I will spend a lot of the next five weeks reminding my students that “school is not over yet.” This is the mantra droned incessantly by teachers the world over. I’m quite sure of this even though I don’t personally know teachers the world over.

That being said, my mind is already on summer break. It has to do with the time change. All of that lovely daylight still left at 6:40. . .breezes blowing. . .no misquitos just yet. . . Curses to Benjamin Franklin. . .couldn’t he have waited until the end of May??? Of course, during his time, the children who were the same age as the ones I teach (11 and 12) were in the fields right now–or out of school altogether.

So I will have to be conscientious over the next few weeks. . .I am already amazed that the year is over. I am planning to read two really fun novels after our HUGEMONGOUS standardized test this week. Hopefully that will pull in even the hold-outs and we will end the year on a positive note. In case you are interested they are House on Hackman’s Hill (Joan Lowery Nixon) and The Cay (Theodore Taylor). The former is a good book for kids who don’t like to read. . .a mystery about a mummy with every chapter ending in a cliff hanger. The other is something I would dearly LOVE to see made into a movie–a must for any middle school aged kid and a completely enjoyable quick read for an adult.

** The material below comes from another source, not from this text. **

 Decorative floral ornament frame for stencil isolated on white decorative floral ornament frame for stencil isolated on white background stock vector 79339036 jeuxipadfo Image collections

Now to the supper dishes. . .after all, “School is not over yet,” and there will be no time to do them tomorrow. Just a dirty kitchen to clean before I can cook dinner.

That Ben and his big ideas.

Pensive day today. . .thoughts overwhelming mixed with joy mixed with more “reality”. . .then there is comic relief right at the end. As I was laboring over getting the kitchen clean while pondering some very serious and weighty matters , my kids were playing with something their dear aunt and uncle gave them for Easter. It is touted as “styrofoam putty” and is, quite frankly, the most vile “toy” I’ve ever run across. If you’ve not had the pleasure, allow me to describe it for you.

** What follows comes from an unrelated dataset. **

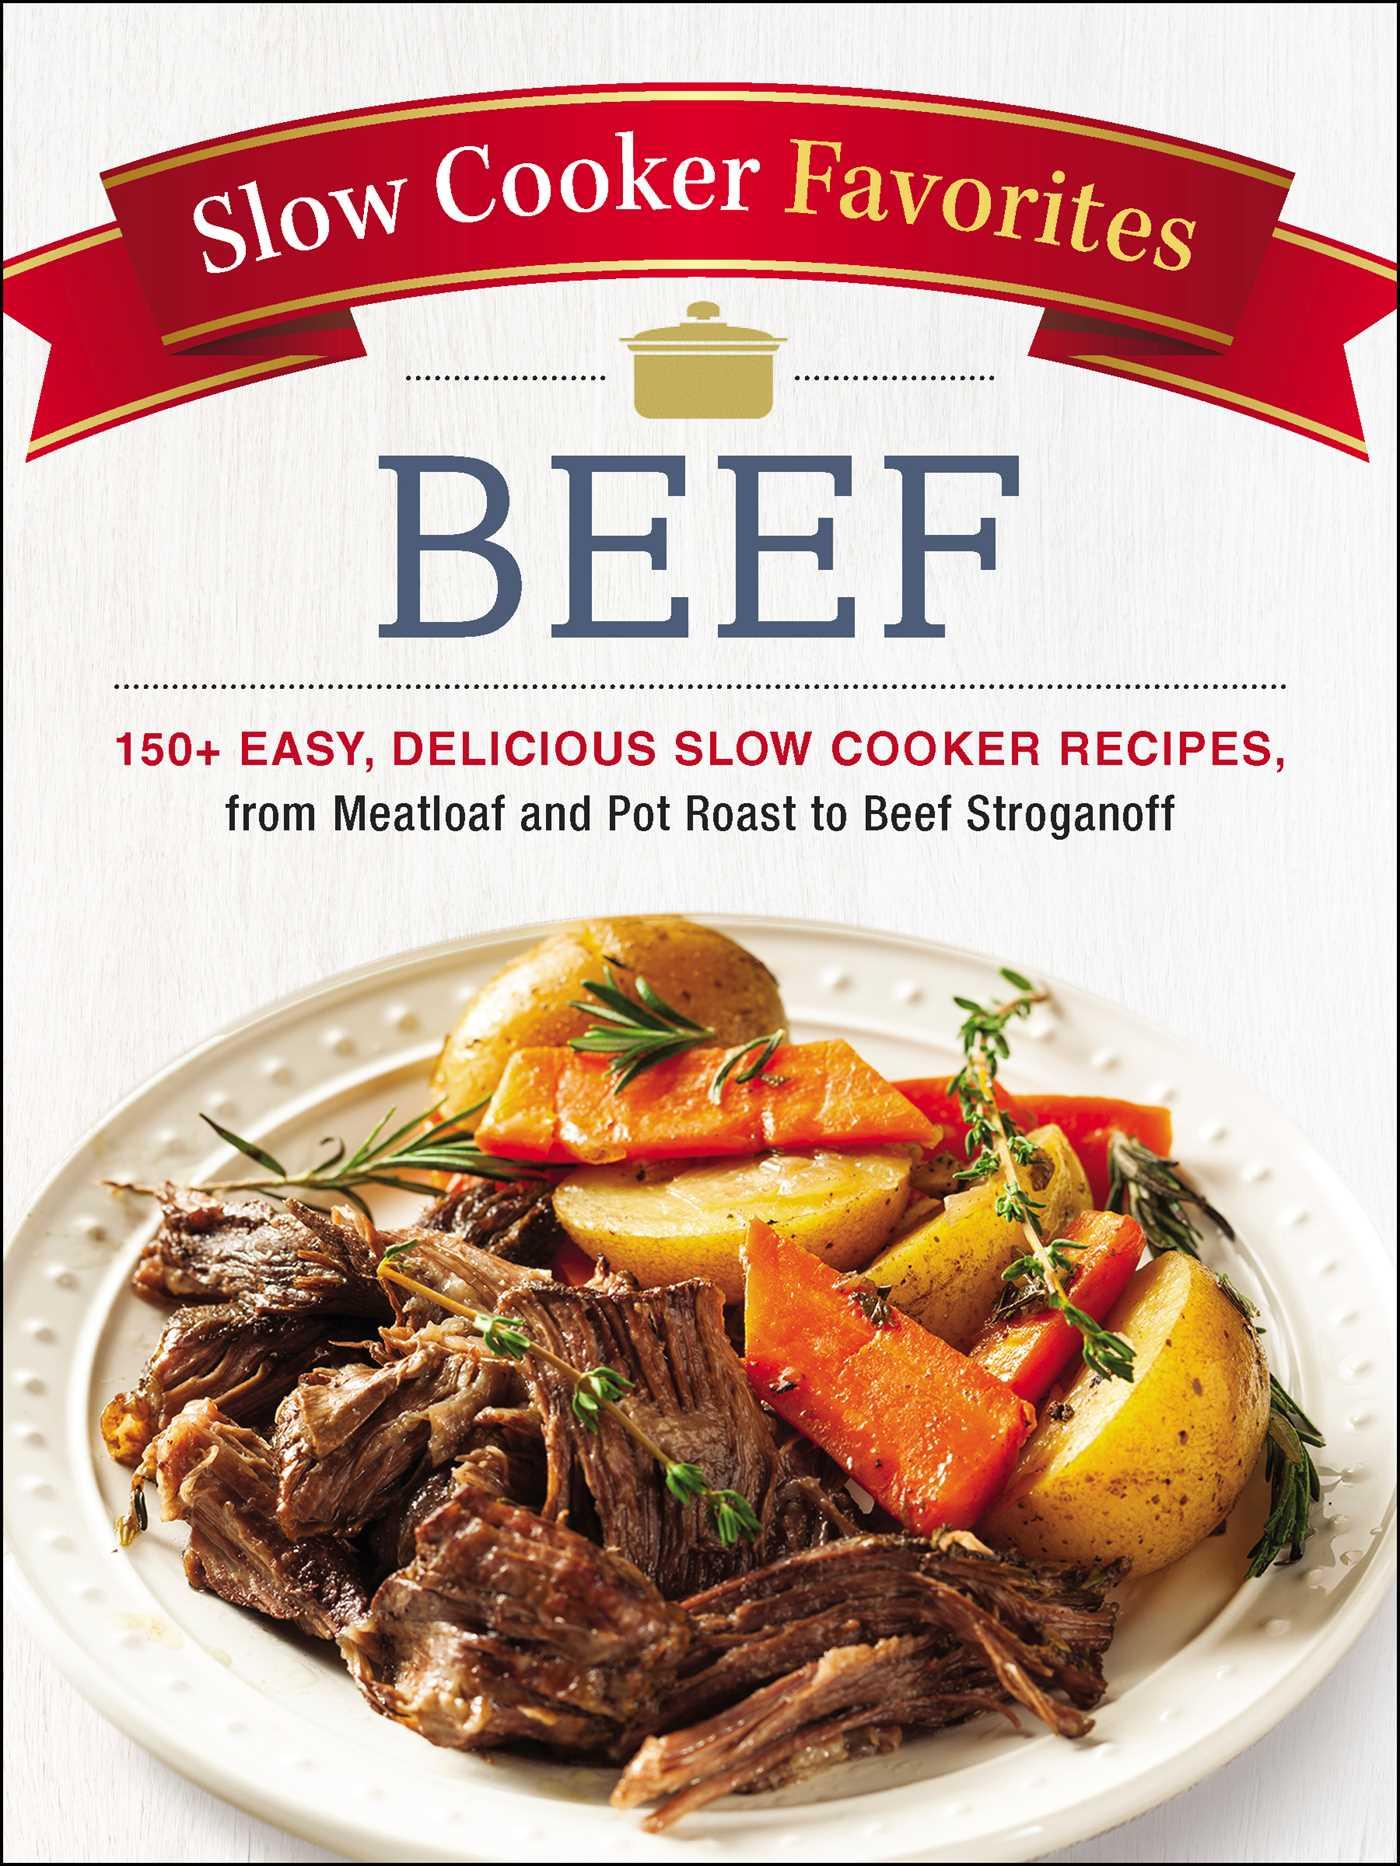 Slow cooker favorites beef 9781507206386 hr

It is sort of like silly putty in liquid-ish form–very brightly colored–with tiny styrofoam balls in in it. It gets on EVERYTHING, and can only be removed by, essentially, “washing” your hands or the item with more of the goo.

Ewww. . .ewww. . .double ewww.

Ickadoo.

Blech.

Thankfully I had the foresight to send them outside to play with it, and I think even the kids lost their infatuation with it VERY quickly. If you are given any of this, sneak it into the trash as fast as you possibly can.

If you either ARE or are related TO the inventor of it, or if you have a personal love of this substance, would you like some hot pink and aqua blue styrofoam putty to go with your collection???